How do closures (under the hood) in JavaScript

Hi, Habr!

We in Hexlet use JavaScript not only for obvious tasks in the frontend, but also, for example, to implement a browser-based development environment (our open-source hexlet-ide ) on React. We have a hands-on course on JavaScript , and one of the lessons there is devoted to closures. This is an important topic not so much in the framework of JS, as in programming in general. We cover it in other courses .

In general, there are many articles and tutorials about the use of closures in JS, but there are few explanations of how everything works inside. Today's translation is dedicated to this particular topic. How and why closures work in JS, when they are created and destroyed, and why each function in JS is closure.
')
I have been using closures for quite some time. I learned how to use them, but did not fully understand how they actually work, what is happening “under the hood”. What is it all about? Wikipedia doesn't really help. When is a closure created and destroyed? What does the implementation look like?

"use strict"; var myClosure = (function outerFunction() { var hidden = 1; return { inc: function innerFunction() { return hidden++; } }; }()); myClosure.inc(); //  1 myClosure.inc(); //  2 myClosure.inc(); //  3 // , .    ? //     ?

When I finally found out, I wanted to share with everyone. At least, so I will not forget. After all

Tell me - and I will forget, show me - and I will remember, let me do it - and I will understand.

- Confucius and Benjamin Franklin

In the process of learning, I tried to visualize the interaction of entities: how objects refer to each other, how one is inherited from another, and so on.

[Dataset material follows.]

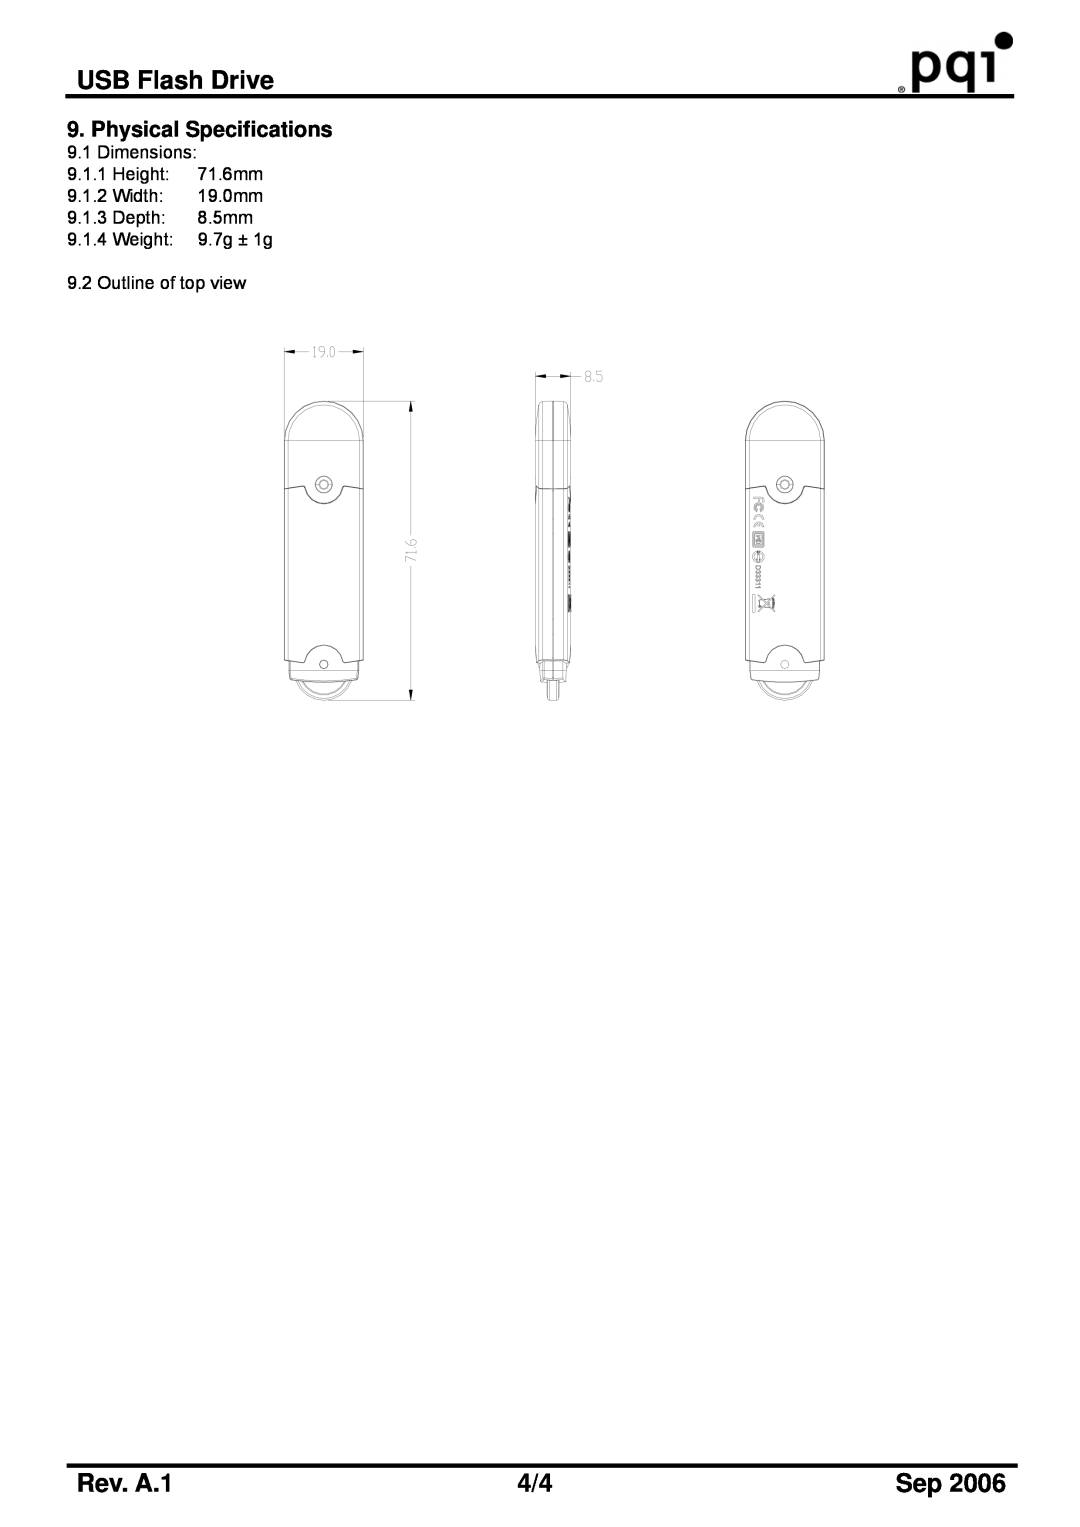 PQI U230 manual USB Flash Drive, Rev. A.1, Dimensions 9.1.1 Height 71.6mm 9.1.2 Width 19.0mm

I could not find the illustrations, so I drew my own.

I assume that the reader is familiar with JavaScript, knows about the global object, knows that the functions in JS are functions of a higher order, etc.

Chain of sight

When the JS code works, it needs space to store local variables. Let's call this space an object of scope (aka LexicalEnvironment — the lexical environment) or simply a scope-object. For example, when you call a function, and it sets a local variable, this variable is stored in the scope object. It can be considered a regular JavaScript object, with one important difference: it cannot be directly accessed. You can change its properties, but you cannot access the object itself.

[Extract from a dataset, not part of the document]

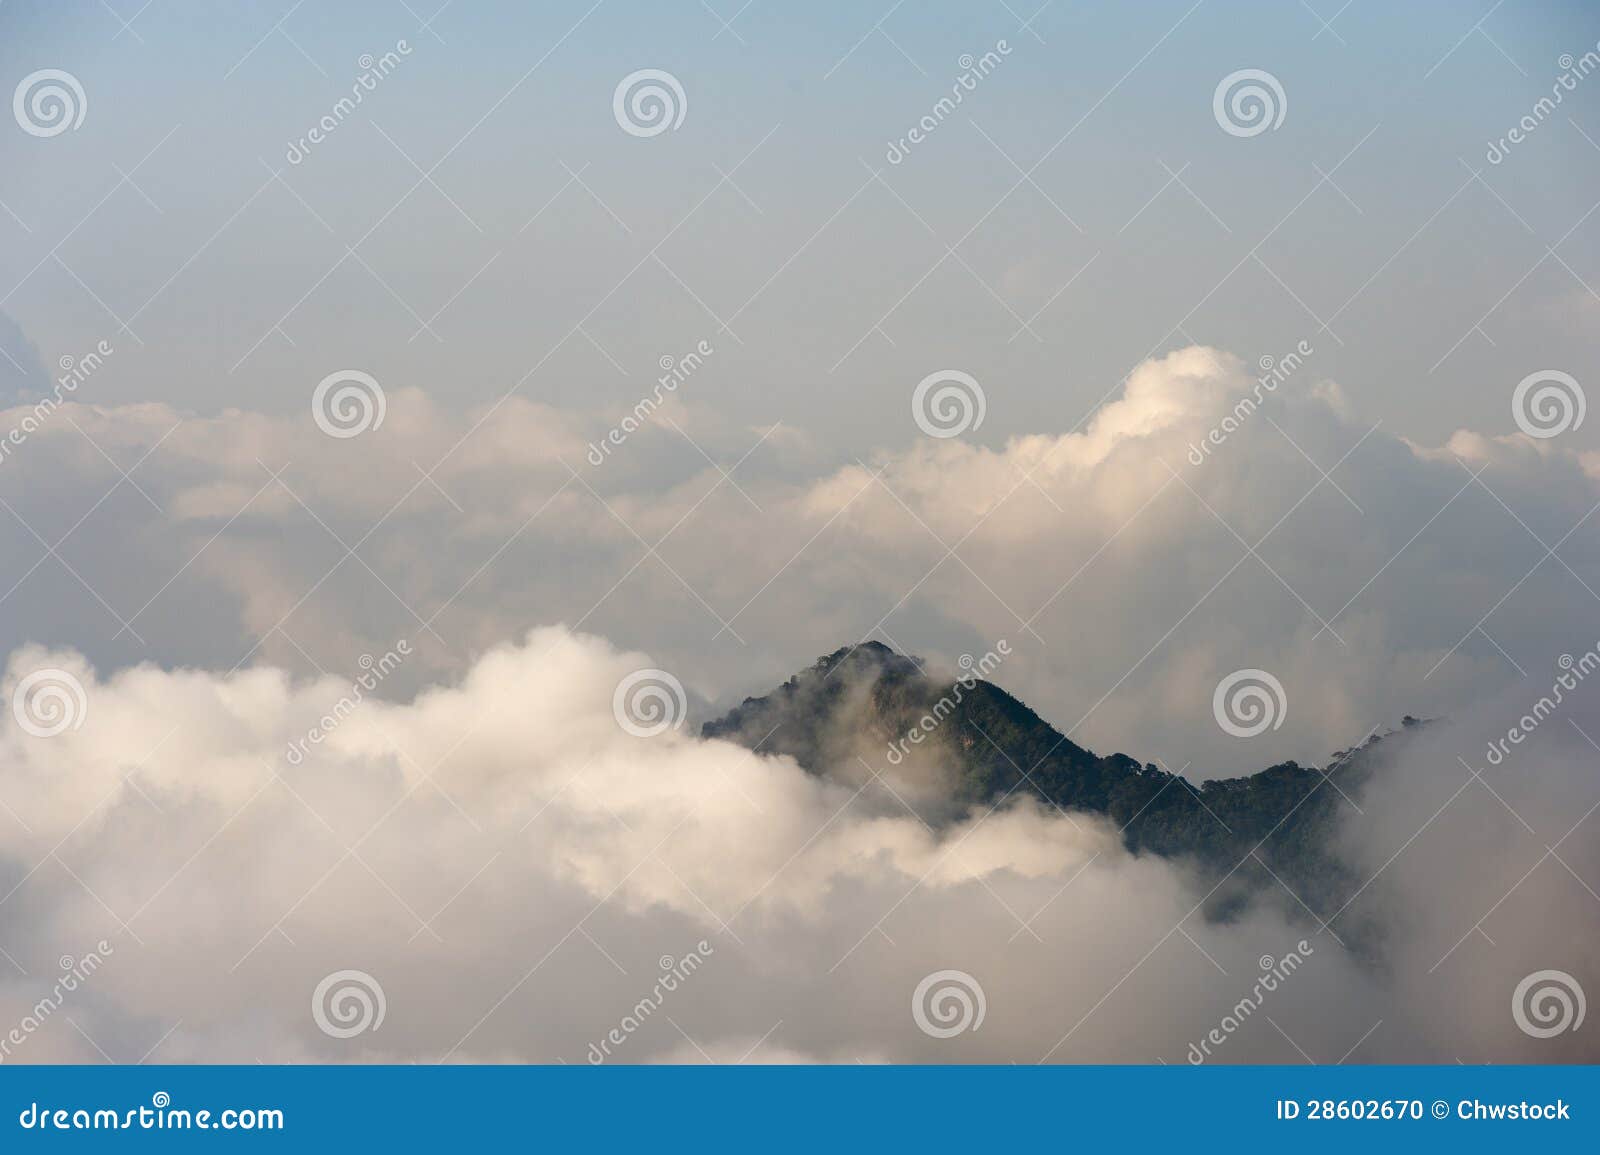 colombia - mountain peak in the sierra nevada de santa marta

The concept of such an object for scope is very different from, say, C or C ++, where local variables are stored on the stack. In JavaScript, such objects are stored in heap, and they can remain in memory even after the function returns a value. We will talk about this later.

As you might expect, the scope object may have a parent. When code tries to access a variable, the interpreter searches for a property on the current scope object. If the property does not exist, the interpreter moves up the chain of scope objects and continues searching. And so on, until the property is found or until the parents run out. Let's call this scope scope order a “scope chain” or a “scope chain”.

This mechanism is very similar to prototype inheritance, but, again, there is one important difference: if you try to access the non-existing property of a regular object, and there is no such property anywhere in the prototype chain, it will simply be returned undefined. But if you refer to a non-existent property in the scop chain (that is, refer to a variable that does not exist), there will be a ReferenceError error.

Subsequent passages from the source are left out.